At the mention of profit, the investor had perked up. He had introduced himself as Ted Durgan on the flight, his New York accent easy to place, but had then lapsed into silence. He was here to observe and assess, not to make friends.

The others, however, stood still. Nathan Shah, for example, was still not convinced. He was a security officer, not a profiteer. He had been flown in to ensure the park was safe for visitors, and didn't care whether or not it was exciting.
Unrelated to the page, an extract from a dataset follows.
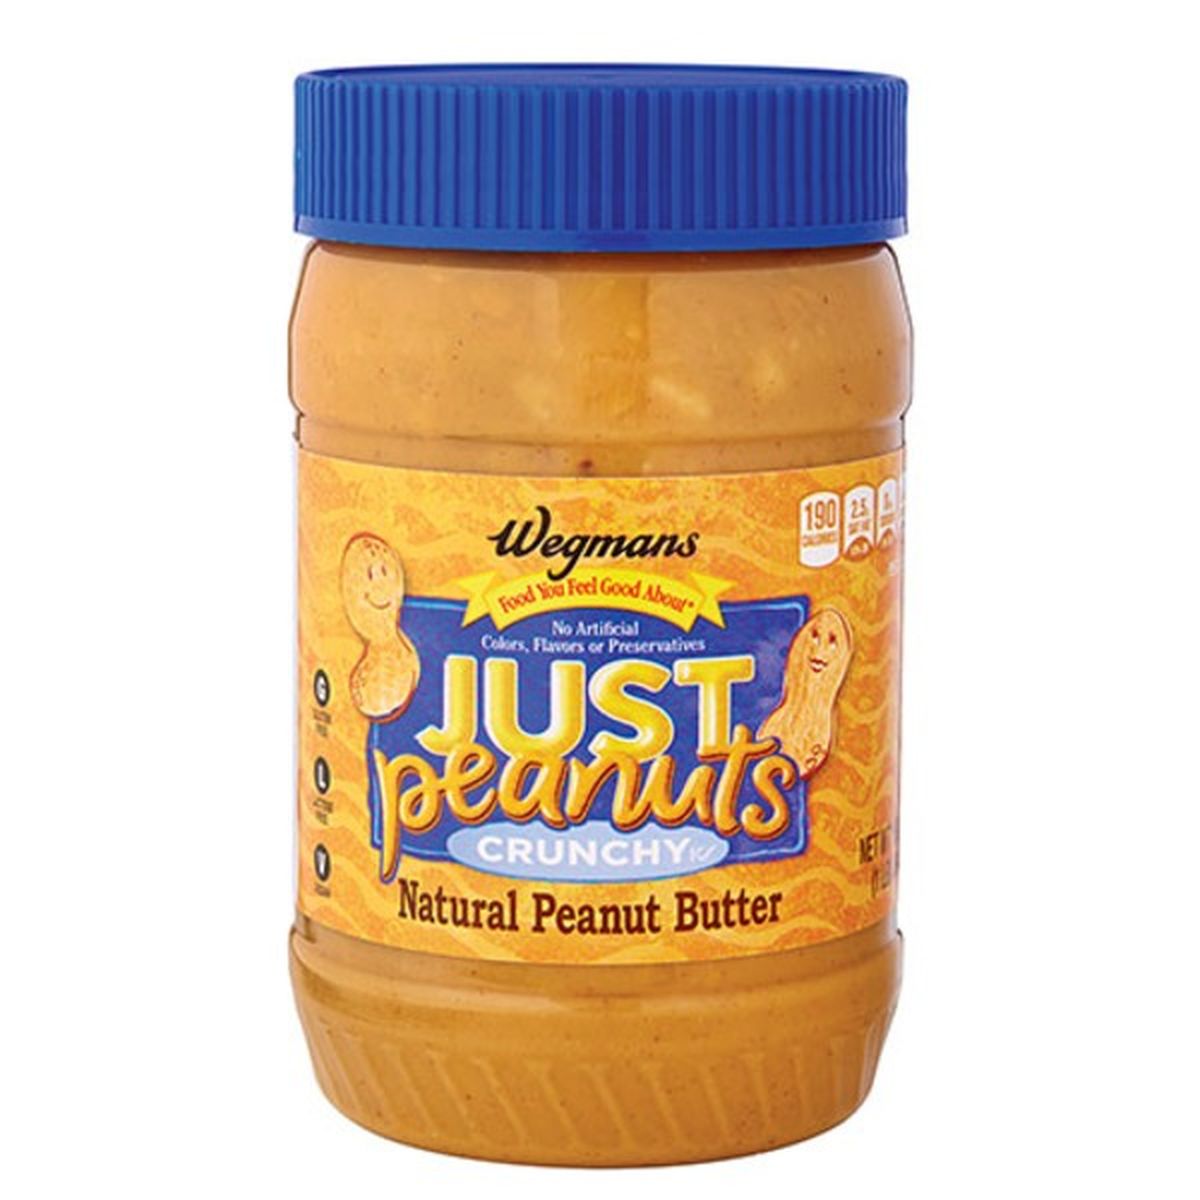 Calories in Wegmans Just Peanuts Stir Crunchy Peanut Butter

Unless there was a real threat of someone dying from boredom, it wasn't his concern.

There were enough threats as it was. Nathan didn't buy the whole concept of prison-turned-theme-park. It seemed unnecessarily dangerous, for a limited thrill. Charon could talk all she liked about how only criminal excite us, but that wasn't true at all. We remember heroes, as well as villains, just not the bystanders. If the first group didn't still have their right to freedom, she'd have shipped them in as well. As it was, the British government had been looking to privatise their expensive and inefficient prison system, and Charon had been the right woman in the right place.